Further investigation into the characteristics of Cluster 1 revealed additional insight into the transcriptome of these mostly Vγ6+ cells. Common genes for IL-17A–producing γδ T cells, such as Blk, Cd44, Ccr2, and Zbtb16 (which encodes PLZF; Ciofani et al., 2012; Kohlgruber et al., 2018; Laird et al., 2010; McKenzie et al., 2017; Stark et al., 2005), were readily expressed in Cluster 1 cells (Fig. 1 G). Expression of the chemokine receptor, Cxcr6, and Tnfsf11, which encodes receptor activator of NF-κB ligand (RANKL), was more prevalent in Cluster 1 than Cluster 2. Two NK cell–associated molecules, Klrb1c and Klrk1, were highly enriched in Cluster 1. These genes encode NK1.1/CD161 and NKG2D, respectively, which are two proteins known for their involvement in target recognition and cancer cell killing. In addition, Amica1 and Icos, two co-stimulatory receptors, and Pdcd1 (PD-1), a co-inhibitory receptor, were enriched in Cluster 1 (Fig. 1 G). The Amica1 gene encodes junction adhesion molecule-like (JAML), which is an activator of skin-resident, Vγ5 cells (Witherden et al., 2010). Inducible T cell costimulator (ICOS) signaling is important in thymic development of IL-17A–producing γδ T cells and function during experimental autoimmune encephalomyelitis (Buus et al., 2016; Galicia et al., 2009), while the function of PD-1 on these cells is unknown. Apart from the NK cell–associated genes, the Cluster 1 phenotype (e.g. Amica1, Cxcr6, Icos, Pdcd1, and Tnfsf11) was highly reminiscent of CD8+ tissue resident memory (Trm) T cells (Clarke et al., 2019; Djenidi et al., 2015; Kumar et al., 2017; Mackay et al., 2013; Peng et al., 2022; Strutt et al., 2018; Wein et al., 2019), indicating that Cluster 1 cells share many commonalities with antigen-experienced, non-circulating αβ T cells in the lung.
The defining genes of Cluster 2 represented TCR signaling molecules, cytotoxic molecules, cytokines, and T cell effector molecules, consistent with their CD27-expressing status and the established function of IFNγ-producing γδ T cells (Silva-Santos et al., 2019).
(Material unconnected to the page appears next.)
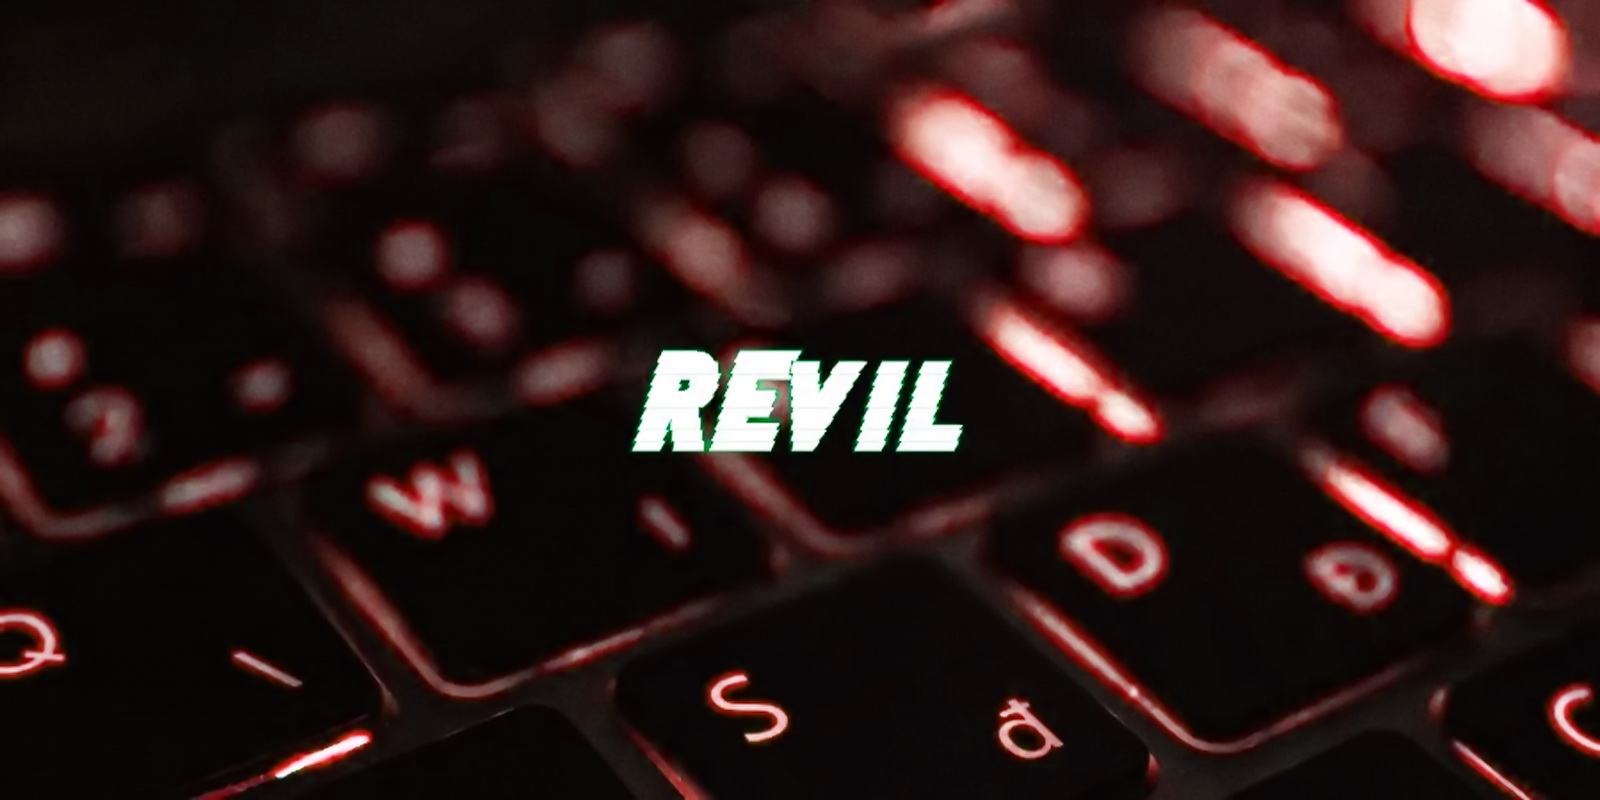 REvil resumed attacks

Some of these genes included Ccl5, Rpl37, Nkg7, AW112010, Cd7, Klrd1, Ly6c2, Ctla2a, Klrc1, Lck, Klf2, and Myl6 (Fig. 1 E). The product of the Ly6c2 gene, Ly6C, is a molecule commonly associated with monocytes and neutrophils, and it can be expressed by CD27+ γδ T cells (Lombes et al., 2015), although its function on these cells is unknown. Ly6c2 was expressed by Cluster 2.2 (Fig. 1 H). The KLF2 transcription factor is known to regulate γδ T cell trafficking through expression of sphingosine 1-phosphate receptor 1 (S1PR1; Odumade et al., 2010; Ugur et al., 2018). In addition to the top 50 genes (Fig. 1 E), the migratory-related molecules, Ccr7 and S1pr1, were also a predominant feature of Cluster 2 with specific enrichment in Cluster 2.1 (Fig. 1 H). Taken together, these data uncover novel heterogeneity within the CD27+ compartment of γδ T cells.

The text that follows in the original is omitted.